Perfect. Thank you very much Anders and Magnus. As Anders said it's time for the Q&A so please listen and follow the instructions from the operator. Thank you.
Thank you. If you do wish to ask a question, please press 01 on your telephone keypad. If you wish to withdraw your question, you may do so by pressing 02 to cancel. Our first question comes from the line of Simon Mortison from DMV Markets. Please go ahead, your line is open.
thank you so much i have a few questions i was thinking about starting off with actually one on each segment especially when it comes to the margins in the construction this quarter it is as you said very very strong but you also meant gave some comments that you haven't been able to start so many projects and has been like some delays in the order book from what i hear and understand from this sector before is that The maturity profile of projects could significantly impact the profitability you have in margins. And my question is, is those delays now impacting the margins you're now reporting into one, given the very strong margins we're now seeing here in construction?

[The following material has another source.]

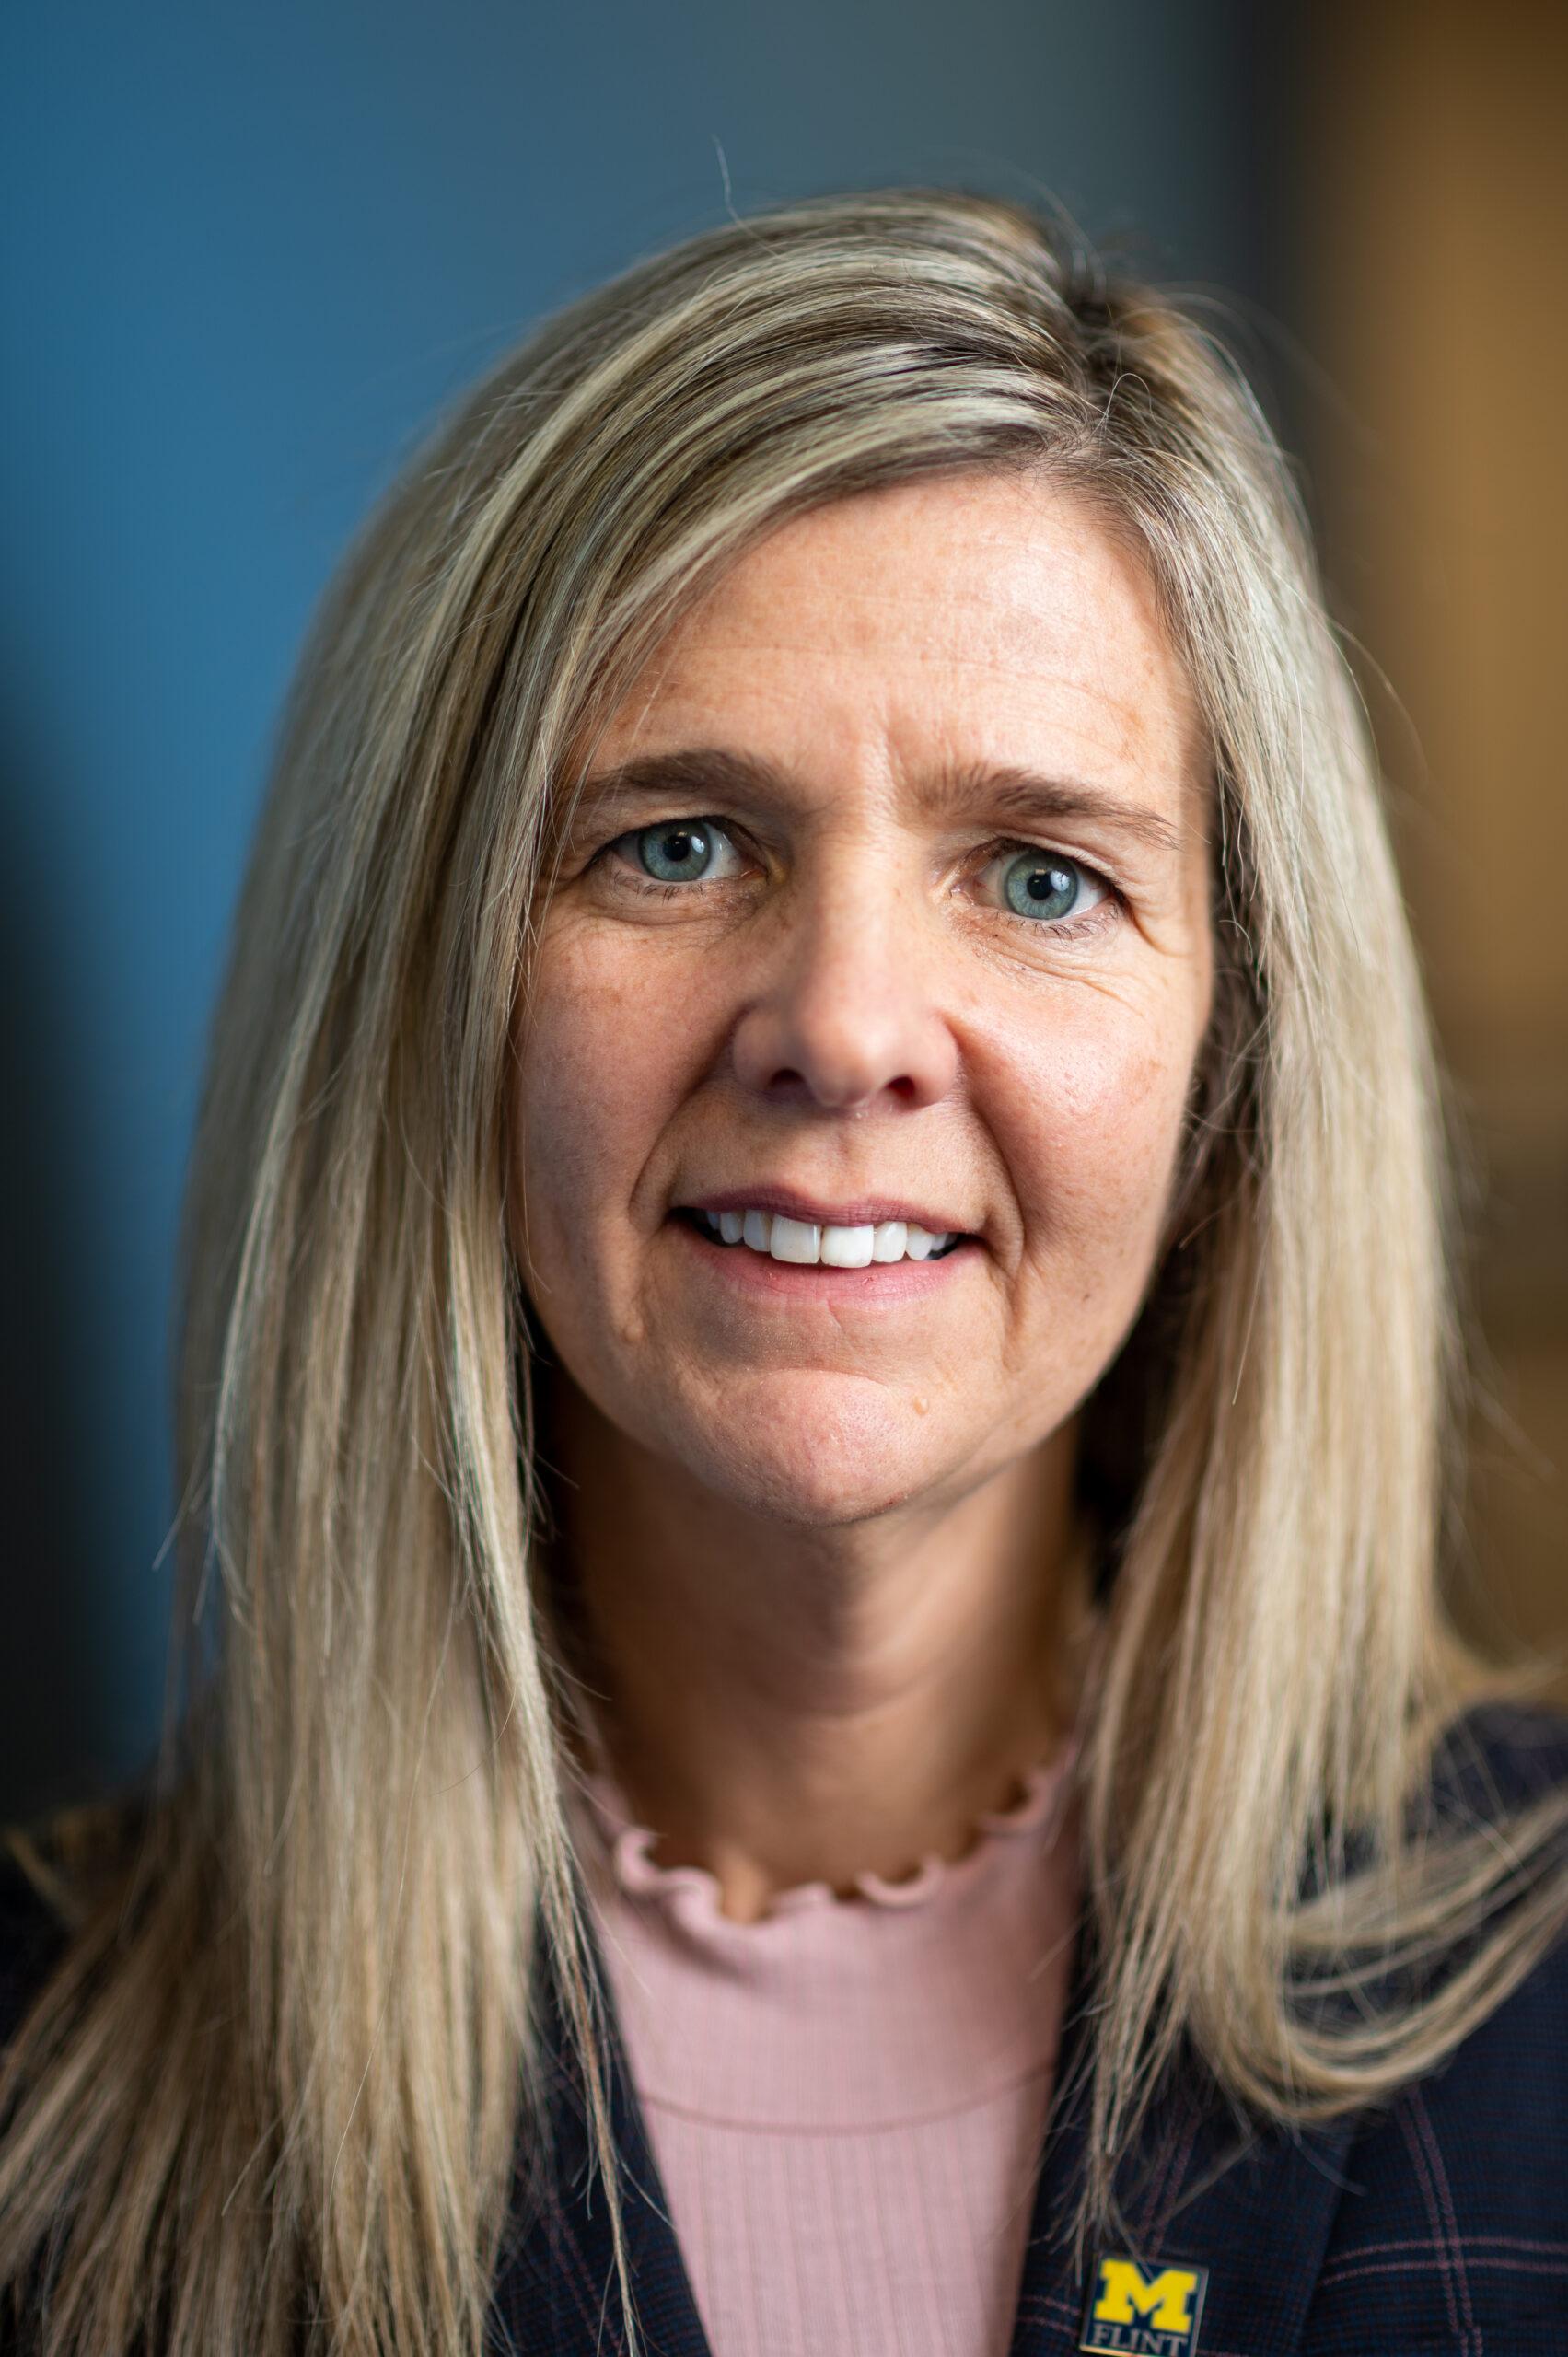 Paula Nas, Director, Office of Economic Development, UM-Flint. Image credit: Eric Bronson / Michigan Photography

I can comment on that, Anders. No, not really. It's impacting the order booking somewhat in markets. We can see COVID impact, especially in the US and Europe. So the order booking is impacting the revenue, but we have been able, and the organization has worked really good with the cost control. So we have been able to reduce the cost in line with the revenue decrease. So the margin is holding up.
So I think with the profile, it's actually three cost savings. And that's quite good, actually. My other question goes to the residential development segment. And of course, you have a huge sale here of 720 million of rental apartments. How much are the margins in that deal impacting the figures we see this quarter? Because we see the margins in residential development is very high and also how is the pricing in the market going? What's driving these margins? Is it that transaction or is it the pricing of homes for sale?
The margin we see in the first quarter, that's basically due to that we have been very successful in controlling the risk in ongoing projects and projects that we are completing now, have completed now in the first quarter. So we have been taking provisions earlier for market risk and so on, but it hasn't materialized. We get it to the bottom line instead. Very encouraging and a proof that we have the operations under control, the risk management works as we expect. And when it comes to pricing, of course, we adjust the prices in all projects in line with what people are willing to pay for it. So we do very careful market analysis before we have a commercial launch and start to sell projects. and we also try to have a step phases. We divide the projects in different phases to be able to adjust the prices in line with the market development.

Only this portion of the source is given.